Media Consumption Reports

5. The Rise of Customer Data Platforms 

Customer data platforms are one-stop solutions to customer relationship management problems. They help enterprises combine data from multiple sources:

  • Customers themselves, 
  • Relevant third parties, 
  • Internal sources and 
  • External sources. 

CDPs provide sound data on which analytics can be performed. These analytics then help organizations sharpen their marketing strategies and sales plans. 

CDPs further enable organizations to understand the motives of individual customers and clusters. They allow them to track and determine different buying journeys that result in the sale of the same products. 

Such technology thus gives enterprises unprecedented long-term insights into their marketing ROIs. It also helps them take an agile approach and tweak their marketing strategies on the go. 

6. Harnessing the Power of Influencer Marketing

The rise of TikTok captures the power of influencer marketing. The same is true of Instagram’s influencer network. In fact, more than half of social media users rely on influencers for product recommendations. 

Performance branding insists that organizations incorporate influencer marketing. It asks organizations to curate a wide network of influencers and reliable marketing agencies to create user-centric selling experiences. 

Conclusion

As we have seen, performance branding throws open the concept of the sales funnel. 

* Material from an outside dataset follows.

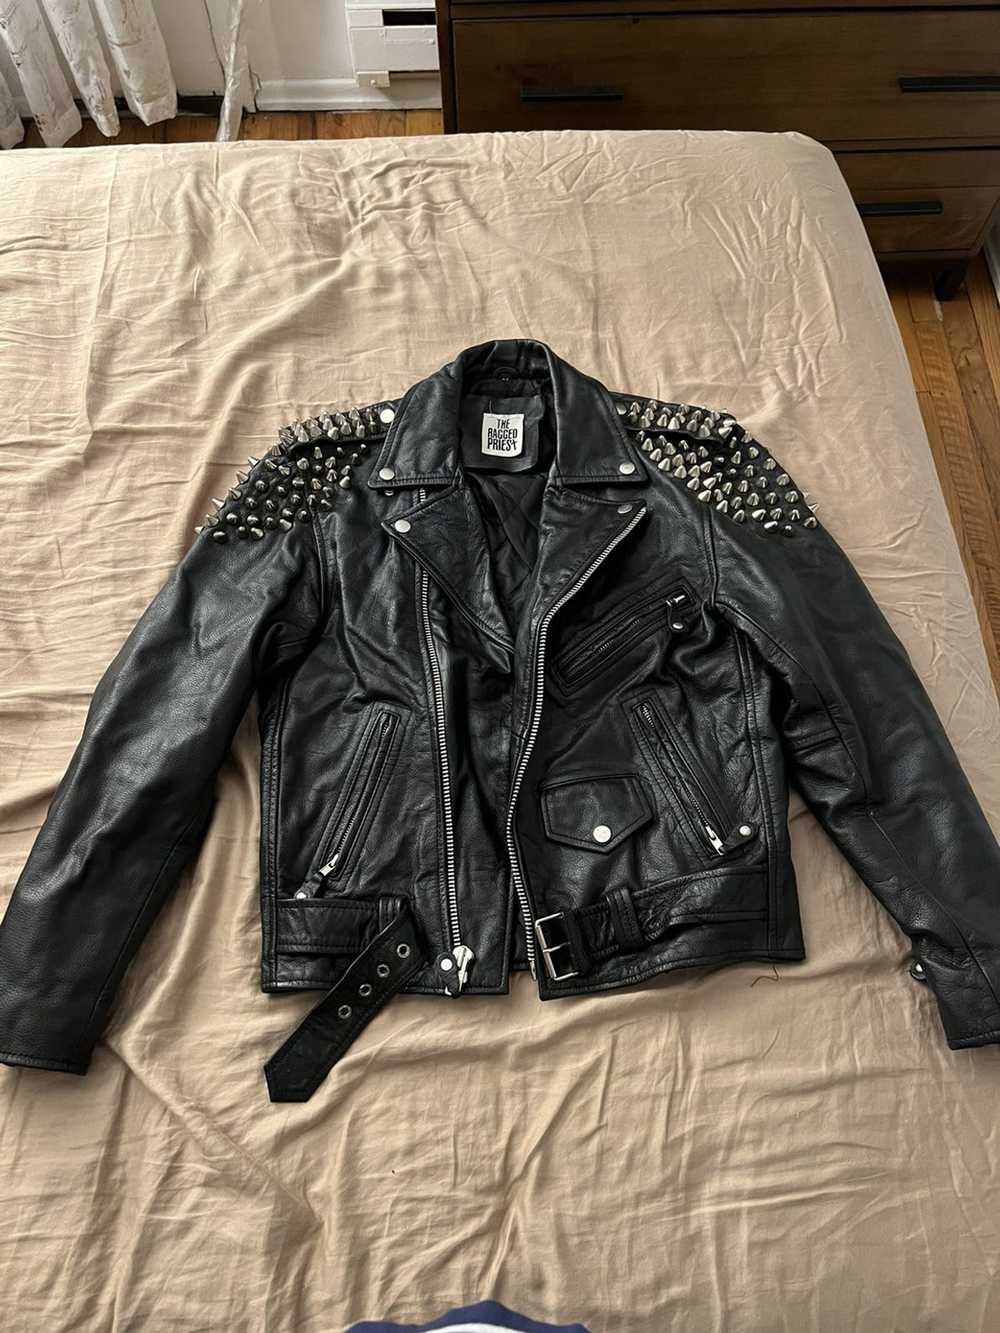 Designer Ragged Priest Leather Jacket with spikes - image 1

It moves beyond the traditional perception of marketing and helps enterprises create agile marketing campaigns. It gives campaigns a dual purpose. All performance branding campaigns are designed to inspire confidence in customers and trigger a buying decision, either in the long term or the short term. 

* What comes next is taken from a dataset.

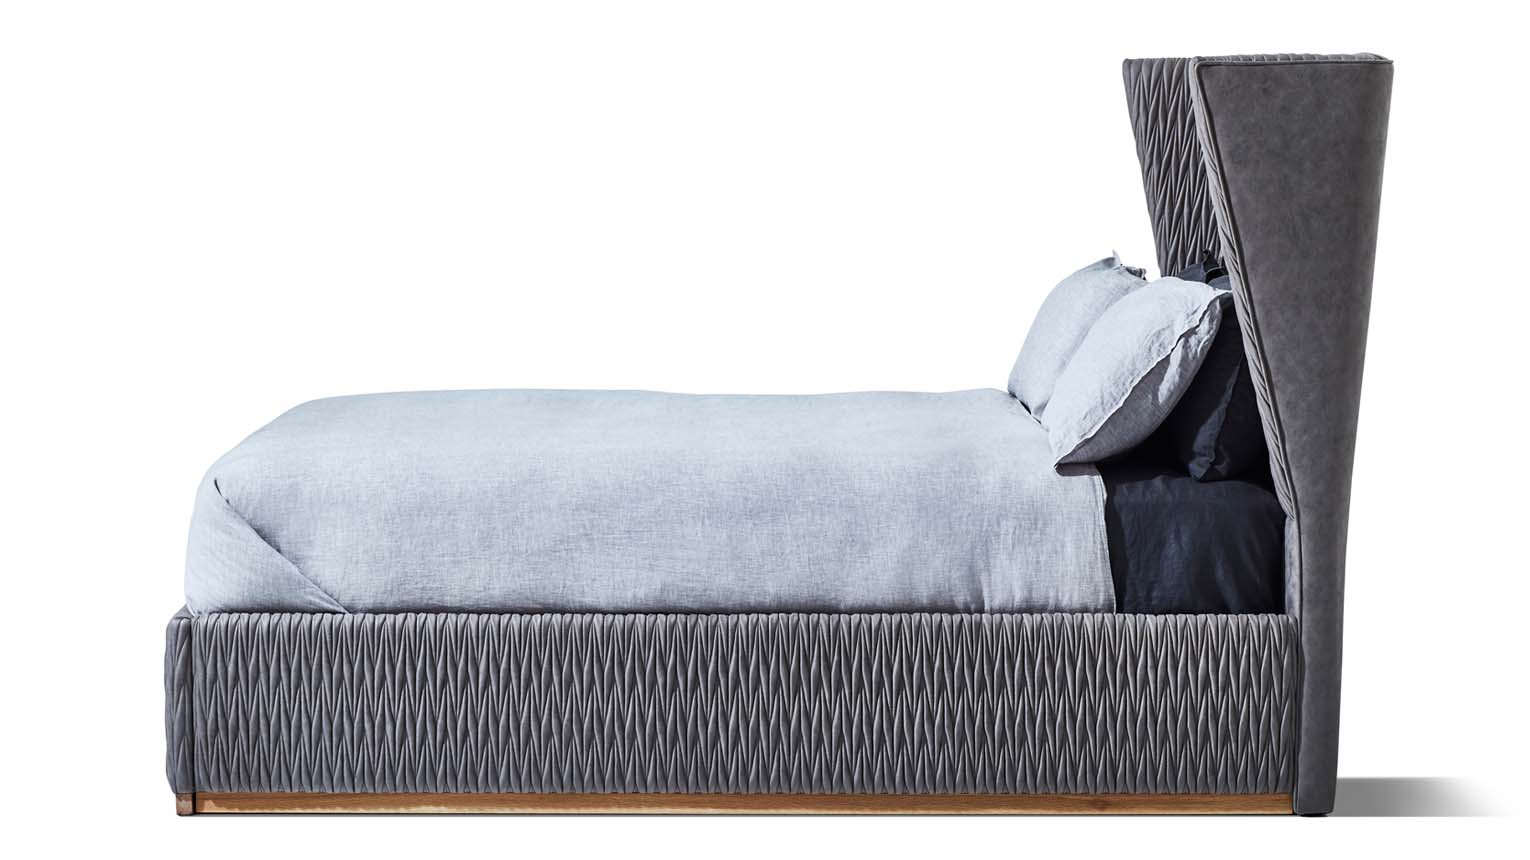 Contour Bed - Zuster Furniture

At Lean Summits, we specialize in helping you craft a strategy suited to your growth journey and your customers’ buying journeys. 

Our aim is to help you reimagine and reconceptualize the sales funnel. Our experienced consultants are experts who will help you craft your own funnel from top to bottom. 

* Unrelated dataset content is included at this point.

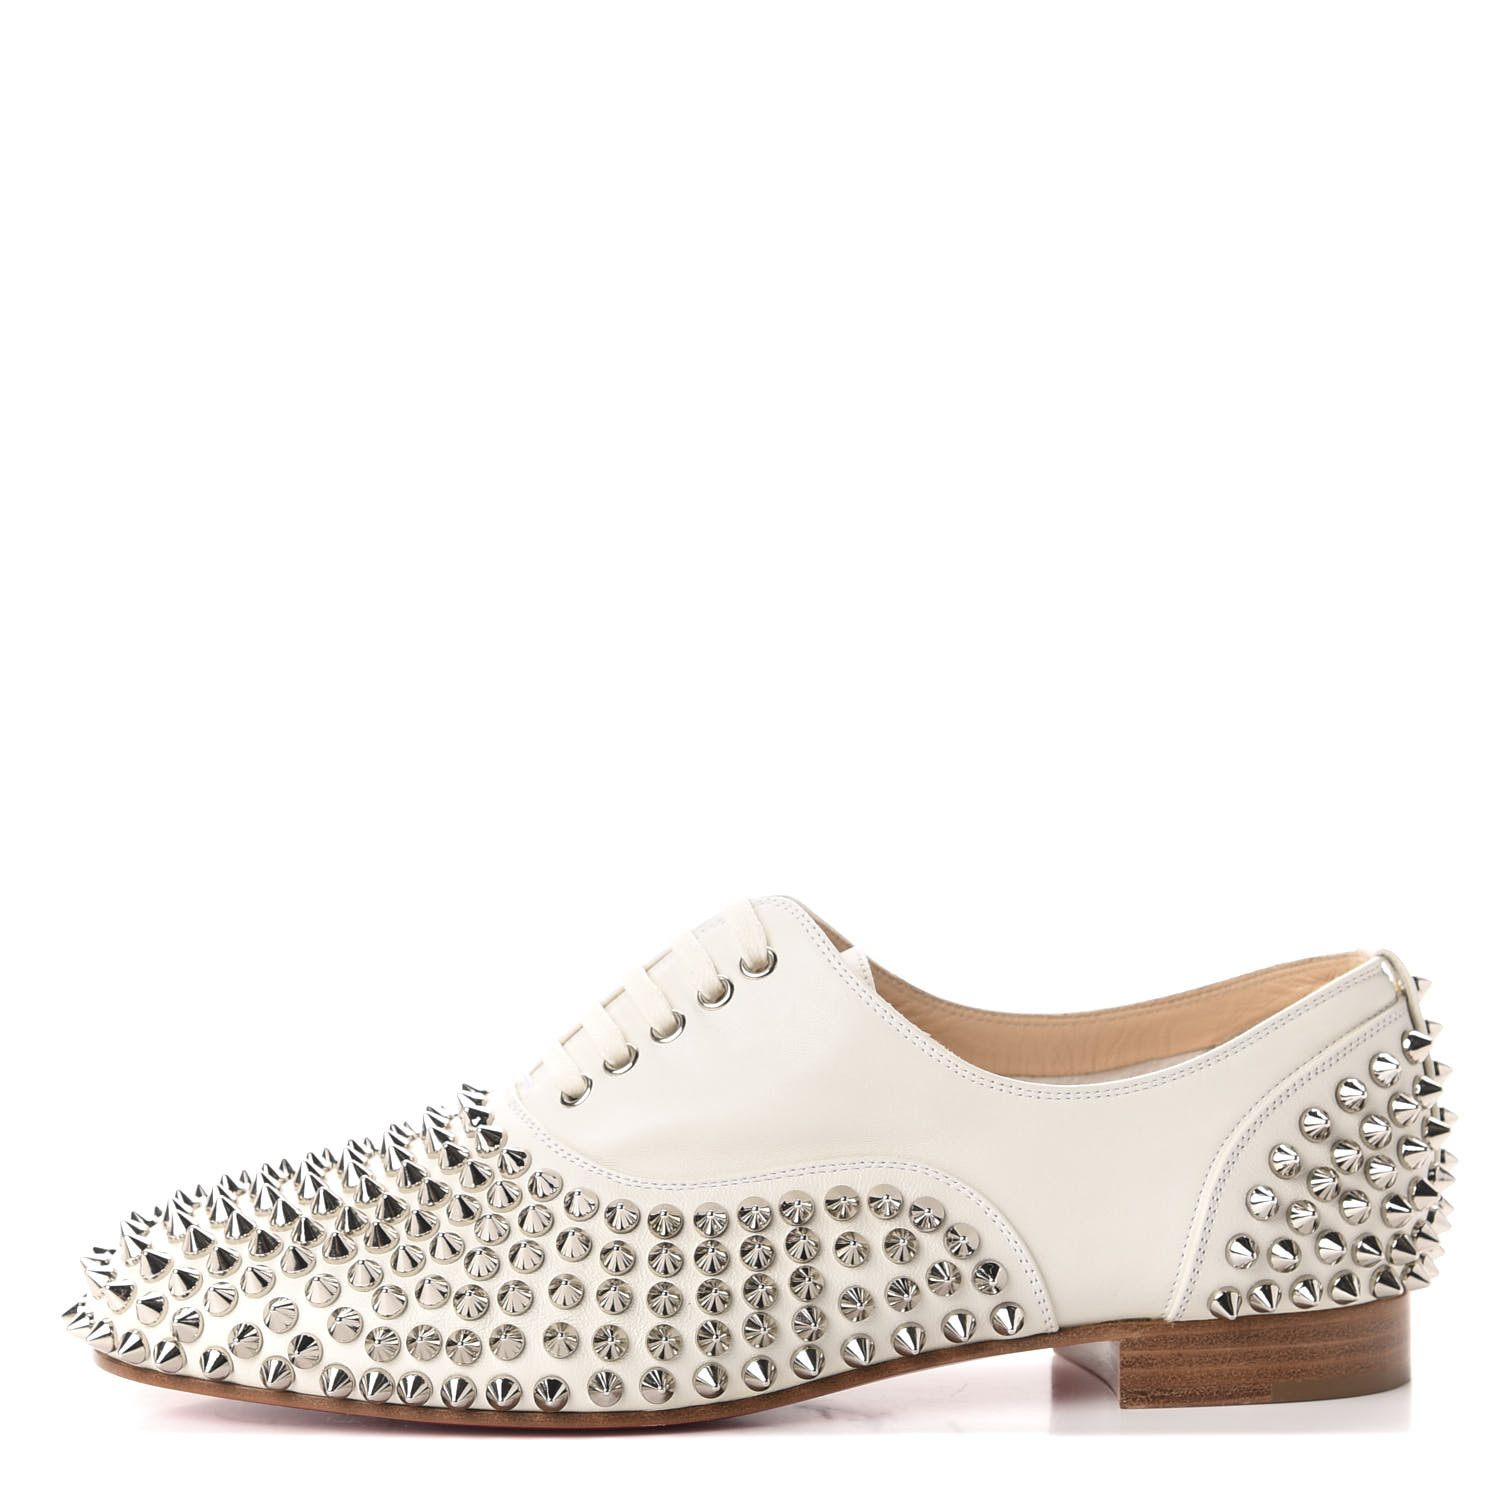 CHRISTIAN LOUBOUTIN Nappa Freddy Spikes Donna Flat Sneakers 38 Silver FASHIONPHILE

From what tools to invest in, to what factors to include in creating identity graphs, we can help you with every aspect of performance branding. 


The Lean Summits approach offers you end-to-end performance branding services. Collaborate with us, and together, let us help you conquer the peak of your industry’s mountain. 

Schedule a complimentary performance branding consultation, or learn more about our growth marketing capabilities. 

FAQ

  1. What is Performance Branding? 

Performance branding is a marketing strategy that combines the attributes of brand marketing and performance marketing into a unified approach. It requires an enterprise to strengthen its funnel-based approach to marketing, extending it to pre-sale, during-sale and after-sale engagement to increase revenue and earn customer loyalty. 

  1. What are the elements of Performance Branding? 

Performance branding combines different elements of brand building and performance marketing. Its main elements include rigorous SEO, consistent content marketing, GTM-based models, email marketing and networking. It is the new way of driving marketing ROI.

  1. How can Lean Summits help me develop a Performance Branding Strategy? 

At LSS, we specialize in helping you craft marketing strategies designed to take you to the top of your industry’s summit. We understand your growth journey, business model and organizational objectives to suggest short and long-term strategies for performance branding. We also help you strike a balance between marketing your brand and your services without compromising on either. 

  1. What investment does Performance Branding require? 

Performance branding requires investments in two major things. First, in the planning phase, where we audit your existing marketing strategies and devise a series of tactics to incorporate them into a performance branding plan. Second, it requires you to invest in a customer data platform that can help you create customer profiles, analyze consumer data and manage the buying journeys of individual customers or customer profiles.